You were 23 when I began to lose you. They say you never get over your first love and though you loved me, it was nothing in comparison to your love for it. Of all the others you’ve experienced, itwas the one, your oldest friend, easily accessible, always there for you, ready to lift you from your lowest lows and bring you to your greatest highs. Almost immediately I could sense its presence, it was as if a new life was breathed into you, a happiness unfelt for so long. I was tossed to the side, a used toy gone unnoticed, upgraded for another. How quick you were to defend yourself, thereby defending it. You told me I was crazy, that you deserved better. How full circle we had come. The return of it, marked the beginning of the end, you began to relive your experiences with the others- Percs, Oxies but also began to flirt with an untamed beast, heroine.

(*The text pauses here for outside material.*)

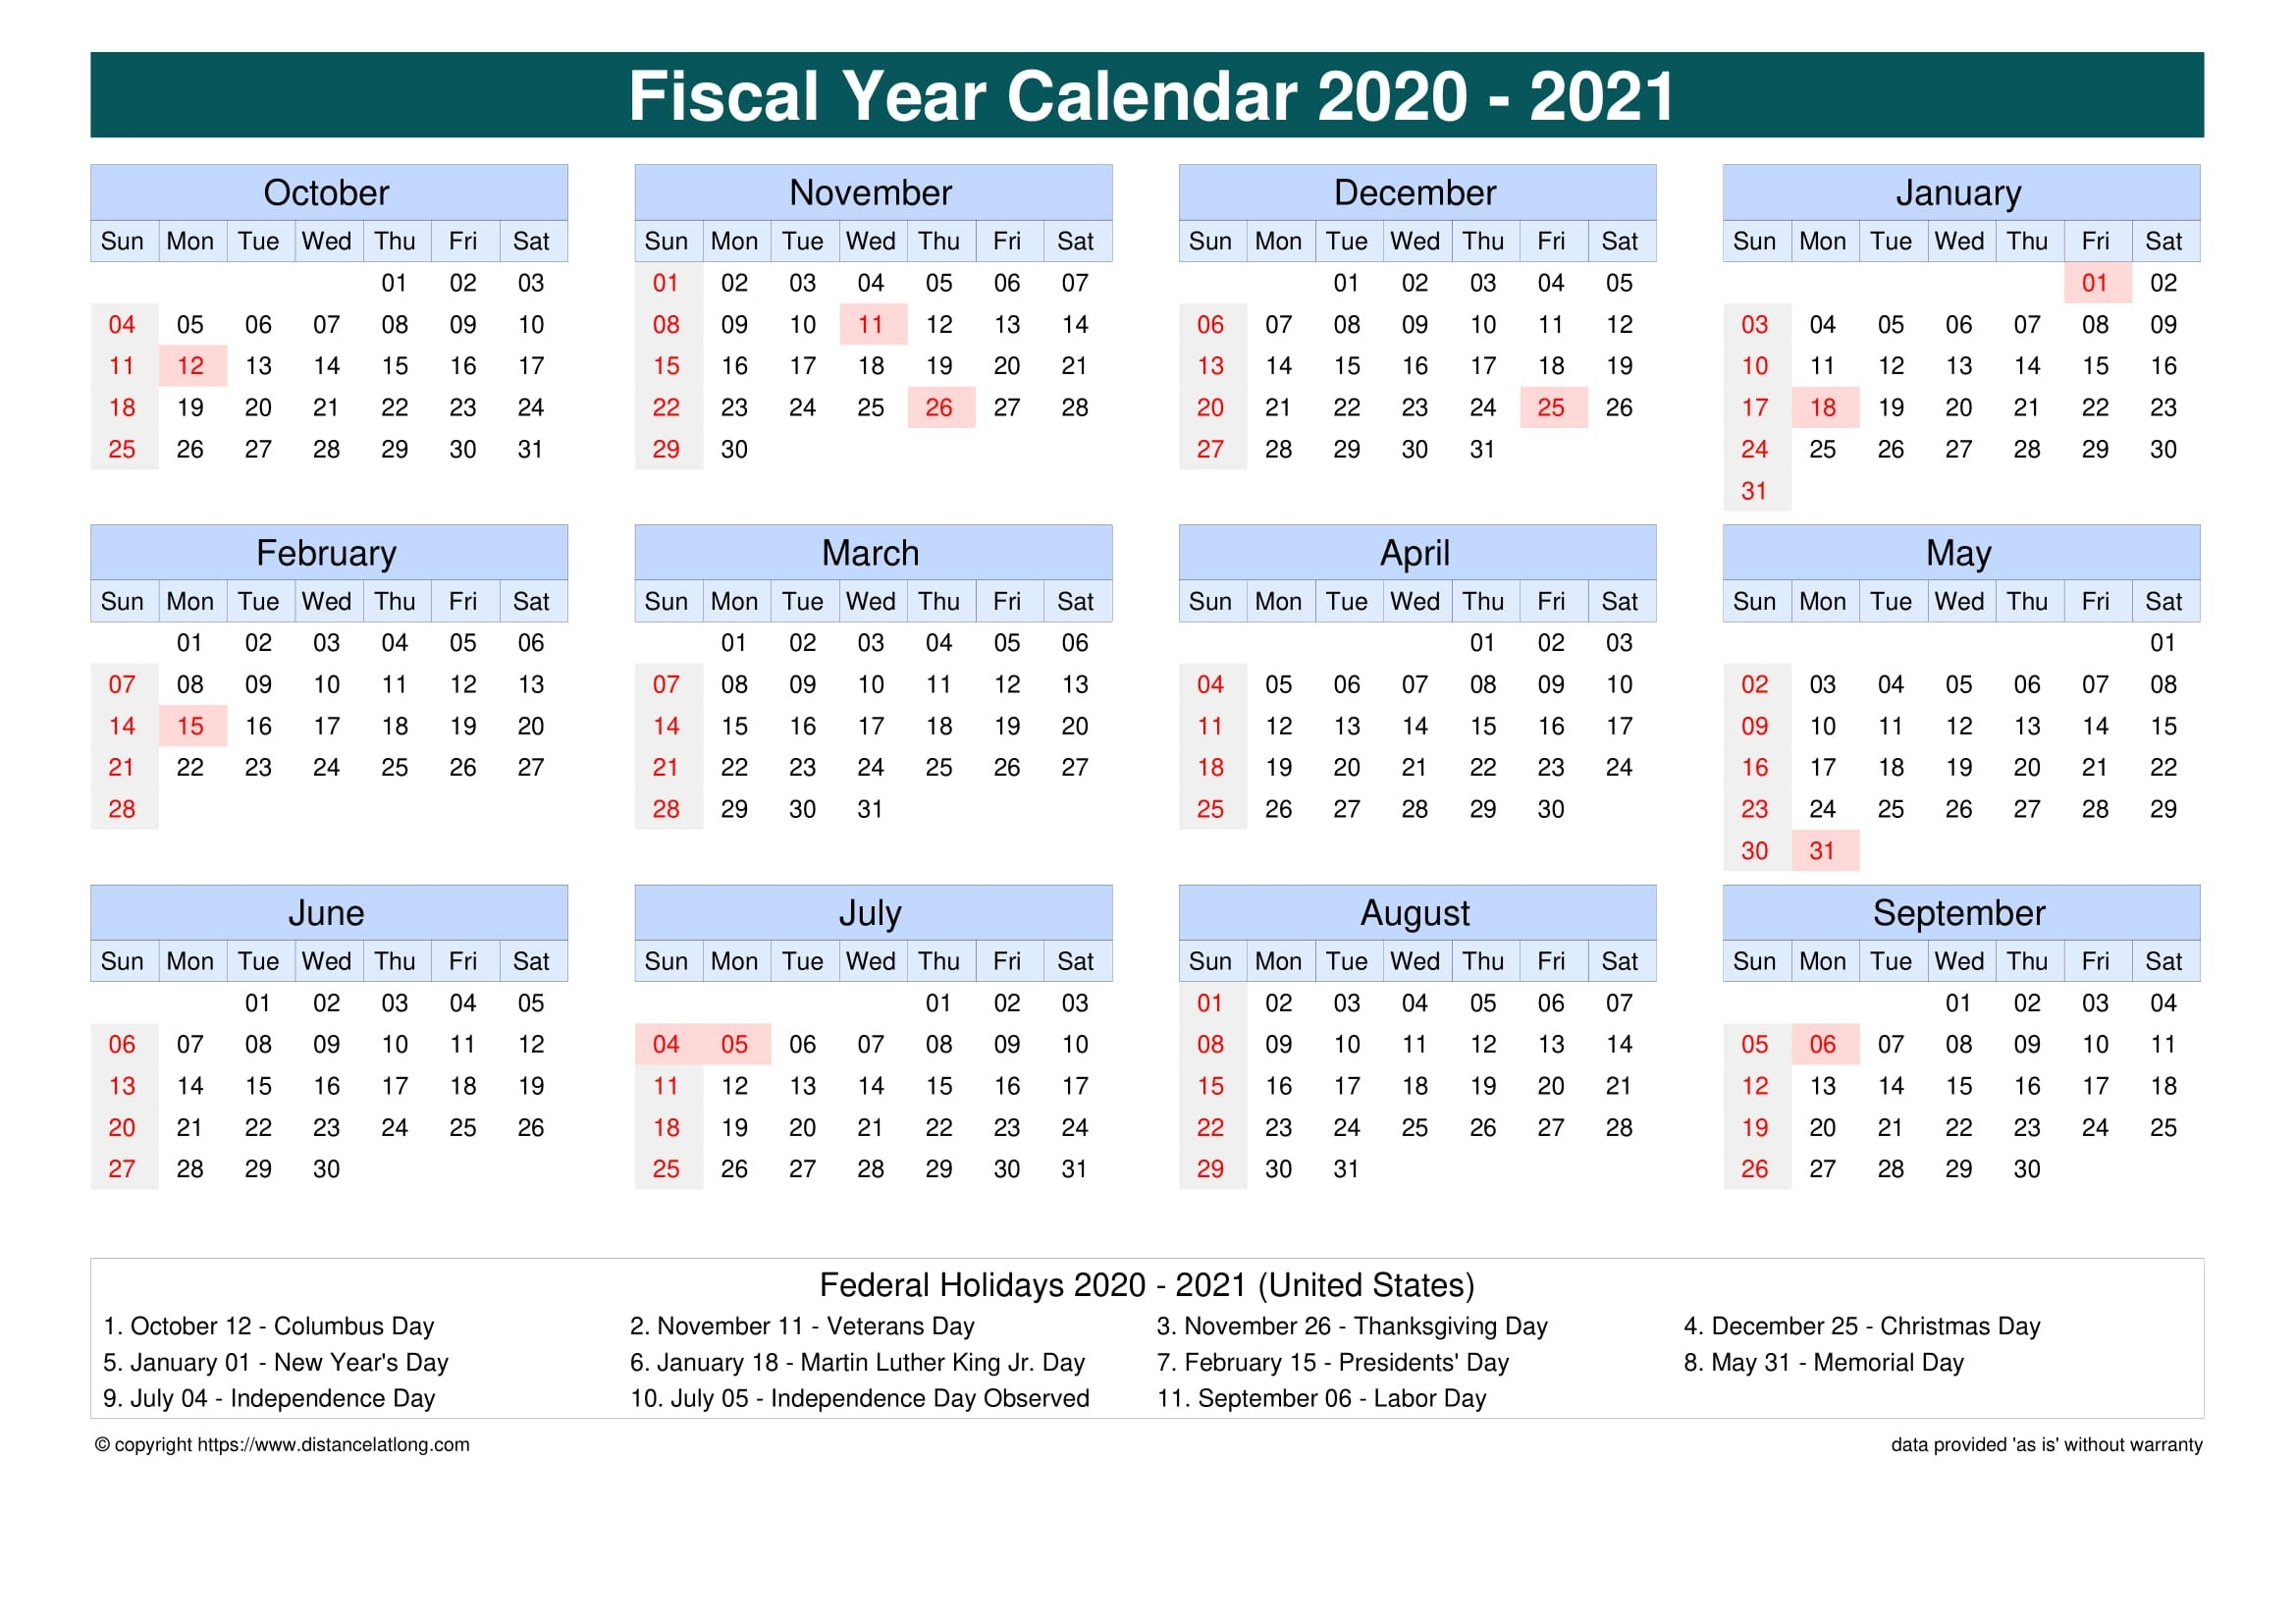 Fiscal Year 2020-2021 Calendar Templates, Free Printable  2021 To 2021 Financial Year Calender Australia

I was 22 when I let go, as much as I think I’ll ever be able to, of you. You were 25 when you began to get your life back on track. You begged for me back, apologizing for ever hurting me, astounded at my disbelief. I know you believe you were telling the truth, just as I know how it would inevitably return, because I now know it never leaves, no matter how bad we or I would have wanted it to. Your continuous attempts to still reach out to me, have done nothing but let me know that every night, when you get into bed, the moments that made your day, are abruptly replaced by the absence of my warmth against your body and my breath against your skin. I know that as you toss and turn for comfort you’re reminded of the way my head laid perfectly on your chest. But above all, I hope you know, that with every second, minute and hour that you lay awake thinking of these simplistic perfections that unknowingly made your life complete, I am resting peacefully.